[jira] [Commented] (GIRAPH-128) RPC port from BasicRPCCommunications should be only a starting port, and retried

2012-01-27 Thread Avery Ching (Commented) (JIRA)

[ 
https://issues.apache.org/jira/browse/GIRAPH-128?page=com.atlassian.jira.plugin.system.issuetabpanels:comment-tabpanelfocusedCommentId=13195286#comment-13195286
 ] 

Avery Ching commented on GIRAPH-128:


Thanks for taking a look.  I forgot to upload the original (rb only for that 
one), hence part 2. 

The main motivation for the obscure case is that it would make debugging 
simpler.  We often see errors like serverX:portY, and can use portY to figure 
out which mapper to look at.  For example, currently the default starts at 
3.  If I see an error from 30001, then I know to go to mapper 1 to see it's 
problem.  And so on and so forth.  If I am running a 900 mapper job then if 
it's 31001 or 32001 then I still know to look at mapper partition 1.  If 
instead I had a 100 as the constant, then if it's 30101, I have to check both 
mapper 1 and mapper 101.  With up to 20 retries per port, we can handle at 
least 20 simultaneous jobs running on a single machine that have the same 
mapper partition id.  First of, that is probably unlikely.  But even if it does 
happen, 20 is probably more than an one machine would handle.  By the way, port 
retries are very fast (so I wouldn't worry to much about collisions).

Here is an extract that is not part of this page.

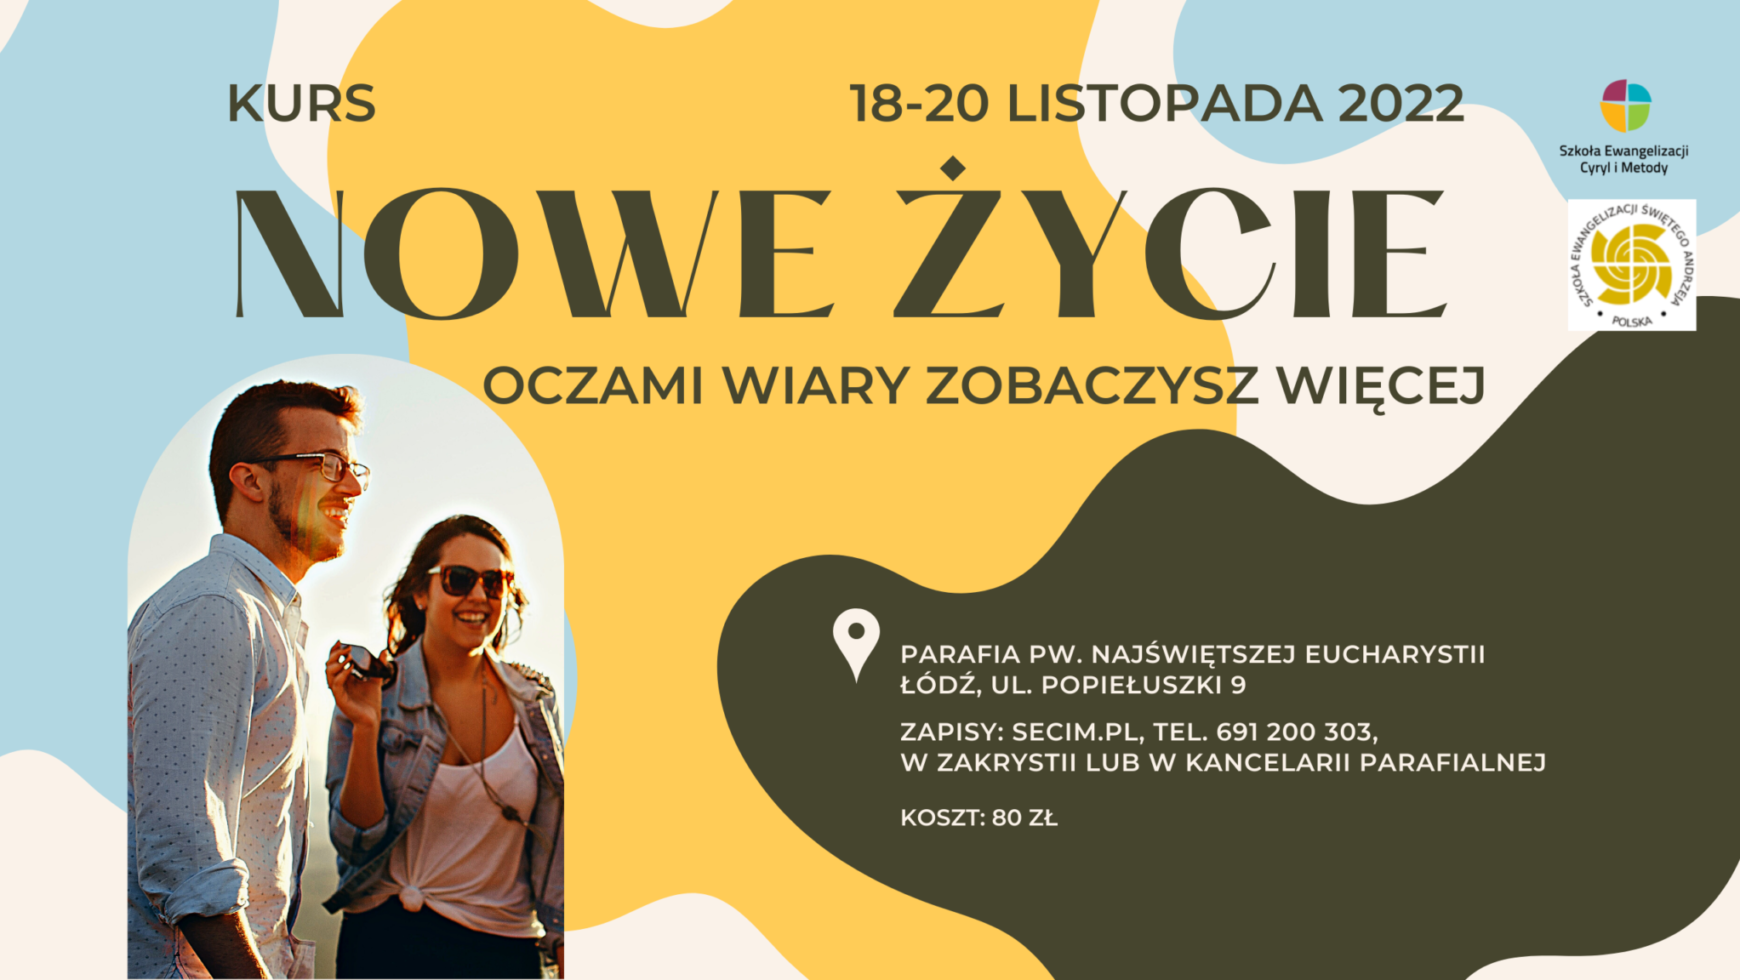 Kurs Nowe Życie, Łódź 18-20 listopada

Let me resubmit without the whitespace changes and making MAX_BIND_ATTEMPTS 
configurable.

 RPC port from BasicRPCCommunications should be only a starting port, and 
 retried
 

 Key: GIRAPH-128
 URL: https://issues.apache.org/jira/browse/GIRAPH-128
 Project: Giraph
  Issue Type: Improvement
Affects Versions: 0.1.0
Reporter: Avery Ching
Assignee: Avery Ching
 Attachments: GIRAPH-128.2.patch


 Currently Giraph uses a basic port + the task partition to get the RPC port.  
 This doesn't work well for when there are multiple Giraph jobs running 
 simultaneously in the same Hadoop cluster (port conflict).  At the same time, 
 it is nice to use this simple algorithm because it makes it very easy to 
 debug problems (you can find the troublesome mapper from the RPC port name).  
 I will be proposing a simple scheme to retry with another port.  I will round 
 the total number of mappers up to the nearest power of 10 (let's that that 
 number Z).  Then I will increment the port number by Z, retrying up to 20 
 tries.  If you have enough ports, this scheme would guarantee that up to 20 
 mappers / node would be supported.  It should be sufficient for most 
 clusters.  At the same time, we still maintain the easy debugging method 
 since you it's still easy to figure out the mapper partition from the port 
 (port % Z = map partition). 

--
This message is automatically generated by JIRA.
If you think it was sent incorrectly, please contact your JIRA administrators: 
https://issues.apache.org/jira/secure/ContactAdministrators!default.jspa
For more information on JIRA, see: http://www.atlassian.com/software/jira




[jira] [Commented] (GIRAPH-128) RPC port from BasicRPCCommunications should be only a starting port, and retried

2012-01-27 Thread jirapos...@reviews.apache.org (Commented) (JIRA)

[ 
https://issues.apache.org/jira/browse/GIRAPH-128?page=com.atlassian.jira.plugin.system.issuetabpanels:comment-tabpanelfocusedCommentId=13195330#comment-13195330
 ] 

jirapos...@reviews.apache.org commented on GIRAPH-128:
--


---
This is an automatically generated e-mail. To reply, visit:
https://reviews.apache.org/r/3596/
---

(Updated 2012-01-28 01:15:26.114994)


Review request for giraph.


Changes
---

Removed whitspace changes for MinimumIntCombiner.java and 
SimpleSumCombiner.java and made GiraphJob.MAX_RPC_PORT_BIND_ATTEMPTS 
configurable, but default to 20.


Summary
---

Simple handling of port collisions on the same machine while preserving 
debugability from the port number alone.  Round up the max number of workers to 
the next power of 10 and use it as a constant to increase the port number with.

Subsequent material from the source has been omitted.